Rape is a crime and not a medical diagnosis to be made by the medical officer treating the victim. It is a charge made by the investigating officer on a complaint by the victim. The only statement that can be made by the medical officer is whether there is evidence of recent sexual activity.
References of the construction of evidence has been made through various case listed in the article.
Mathura Rape case 1979
This case raised certain important issues in the law of evidence.
Mathura, a 16 years young girl, was raped at the police station where she had been called in the night for interrogation along with her husband, Ashok, on a complaint lodged by her brother against Ashok, herself and some others.
After interrogating for several hours, the police constable, Ganpath, took Mathura into a latrine situated near the police station and raped her. Mathura complained her brother soon after getting consciousness and consequently the complained was lodged in the police station. The medical examination of Mathura made 20 hours after the incident revealed that she had no injury on her person and that her hymen revealed old ruptures. However, the presence of semen was detected on the girl’s clothes and on the accused. The Supreme Court examined and concluded that the sexual intercourse in the question has not proved to the amount of rape which resulted in raising an unprecedented amount of protest amongst the social worker and soon developed in country which led to change in the law of rape and recognising that the custodial rape by a person in authority including the policeman considered to be rape.

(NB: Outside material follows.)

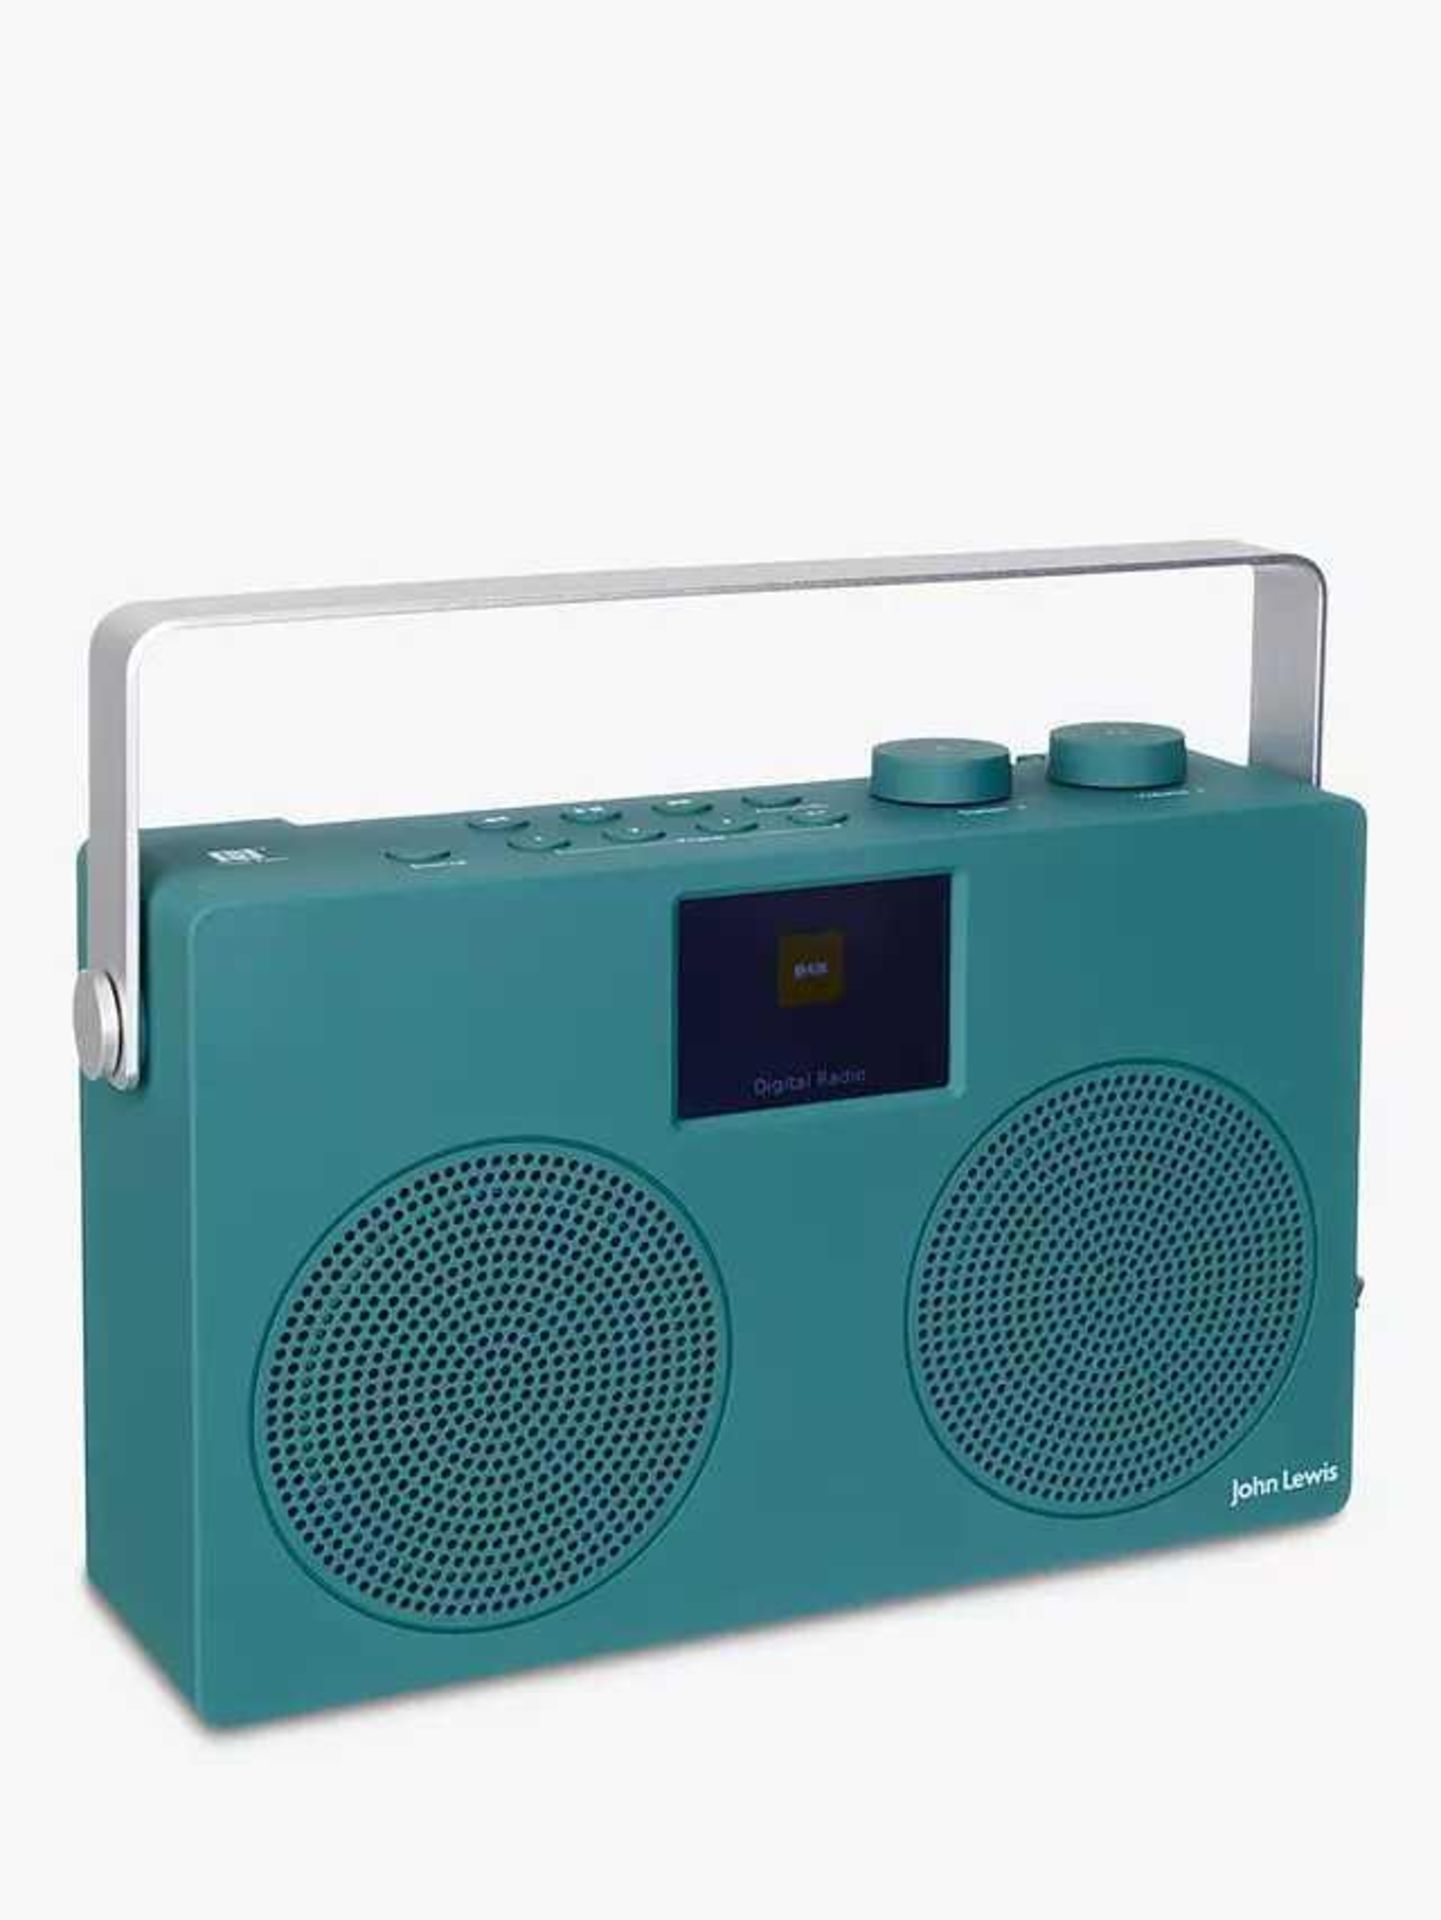 Rrp £70 Each Boxed John Lewis Spectrum Duo Dab And Fm Digital Radios - Image 2 of 4

Another development took in Sakshi v Union of India with Sudesh Jakhu v Narendra verma AIR 2004 where a public interest litigation was filed by Sakshi a woman organisation to issue a writ declaring ‘inter alia’ that ‘sexual intercourse’ as contained in s 375 IPC to include all forms of penetration such as penile/vaginal penetration, penile/oral penetration, penile/anal penetration, finger/vaginal and finger/anal penetration and object/vaginal penetration and for issue of a direction for registration of all such cases to be filing under s 375, 376, and 376A- 376D, IPC.
In Madan Gopal Kakkad v Naval Dubey & another 1992 in Supreme Court in an alleged case of rape of a minor aged eight years on the examination of the victim after five days, the medical officer found an abrasion on the medical side of labia majora and redness around labia minora with white discharge but the hymen was intact and was admitting the tip of the little finger and in view of the absence of the signs of full penetration, the medical officer opined that there was an attempt to rape and accordingly the trial court convicted the accused and the conviction was further approved by Supreme Court in subsequent appeal. This judgment further codified into law in Criminal Amendment Act, 2013.
In Kumari Narayanamma v State of Karnataka & ors 1995 the Supreme Court held that the ruptured hymen and admission of two fingers cannot be viewed as if the victim was habitual to sexual intercourse and also the presence of spermatozoa in vaginal smear is not a must in all acts of rape as the absence may be due to various factors.
In State of Haryana v Jung Bahadur 1999, the lady doctor who conducted the medical examination of the victim found the hymen torn but could not give any definite opinion whether the rape had been committed or not. The chemical analysis of the undergarment of the accused, salwar of victim and chaddar on which the accused committed rape showed presence of semen of the same group. The trial court convicted the accused but the conviction was set aside by Punjab and Haryana Court and the accused was acquitted on the grounds that the case of rape was not established from the medical evidence and the evidence of the victim suffered from improbabilities. However, the Supreme Court set aside the order of the High Court and convicted the accused on the ground that the report of the chemical analysis and the medical evidence supported the case of the prosecution.
The Supreme Court in State of U.P. v Munshi 2009 pronounced a landmark judgment against the hypocrite society wherein it was held that even assuming that the victim was previously accustomed to sexual intercourse, that is not a determinative question. On the contrary, the question which was required to be adjudicated was, did the accused commit rape on the victim on the occasion complained of. Even if it is hypothetically accepted that the victim had lost her virginity earlier, it did not and cannot in law give licence to any person to rape her. It is the accused who was on trial and not the victim. Even if the victim in a given case has been promiscuous in her sexual behaviour earlier, she has right to refuse to submit herself to sexual intercourse to anyone and everyone because, she is not a vulnerable object or prey for being sexually assaulted by anyone and everyone.